Well, in 2005 I started reading a lot of Paul Graham. Probably because Hackers and Painters had just been published. This was also the year that Rails exploded. For me, mixing Paul Graham with Rails meant big dreams. Paul’s How to Make Wealth essay had a huge impact on me. Particularly ideas such as…
The people most likely to grasp that wealth can be created are the ones who are good at making things, the craftsmen. Their hand-made objects become store-bought ones. But with the rise of industrialization there are fewer and fewer craftsmen. One of the biggest remaining groups is computer programmers. A programmer can sit down in front of a computer and create wealth.
and
To get rich you need to get yourself in a situation with two things, measurement and leverage. You need to be in a position where your performance can be measured, or there is no way to get paid more by doing more. And you have to have leverage, in the sense that the decisions you make have a big effect.

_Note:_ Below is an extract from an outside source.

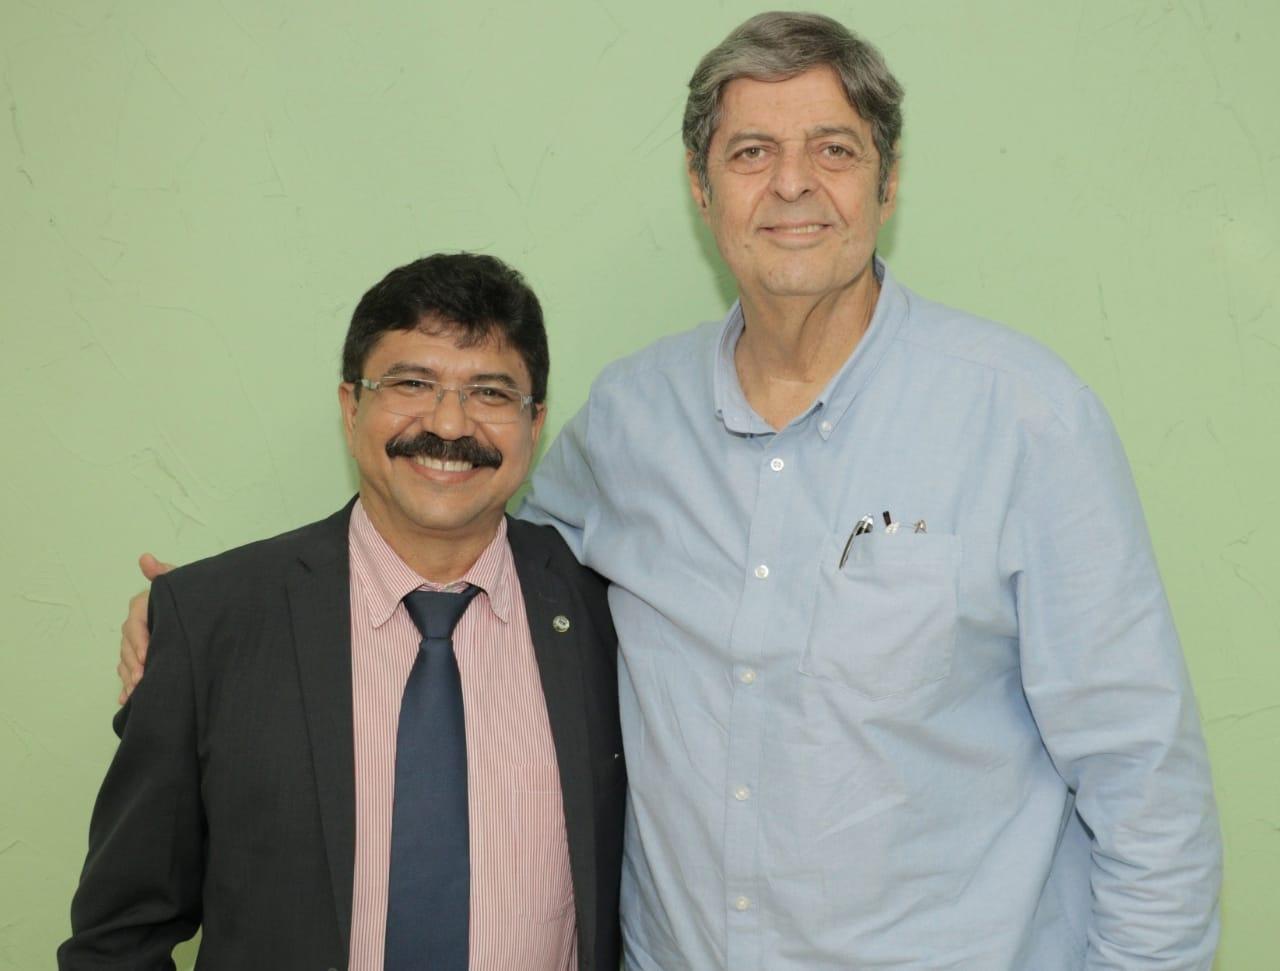 Na sede do SINDAÇÚCAR/PE, o Presidente Renato Cunha recebe o Deputado Estadual Antônio Fernando, a fim de tratar sobre o canal do Sertão em Ouricuri/PE,</br> para implantação de polo sucroenergético no oeste pernambucano, dia 20/fevereiro/2019

Therefore, when I was given the option to join the global foreign exchange division of a large financial institution, it didn’t make any sense to me to say yes. I believed that I was talented and hard-working enough that joining a 3-person consultancy would be a better career move than supporting a bunch of filthy rich investment bankers. If I were talented but didn’t like to work hard, then the bank would have been a good move. I could grit my teeth, collect my paychecks and bonuses, look for ways to make more money, yearn for retirement, and try to find some happiness along the way. But, I do love to work hard, and I love taking on audacious tasks, and I love crafting software, and I love being measured, and ultimately, I love making a difference. So Obtiva made perfect sense.
That was 3 years ago. Obtiva is now a 20 person company and I own part of it. I live in a world of incredibly tight feedback loops and deploy software every day to my customers. I believe Paul Graham’s advice about measurement and leverage were bang on. For me it came down to a decision between a large financial institution and a little consultancy. Finance isn’t inherently bad, but I still believe that large is. Consultancies aren’t inherently good, but I will always prefer little companies. These tendencies of mine were formed 2000 miles away, in Seattle, where I watched little companies change the world.
My hope is that this post will offer some insights to people who come to a similar crossroads. Believe in yourself and let yourself be measured! Take the red pill!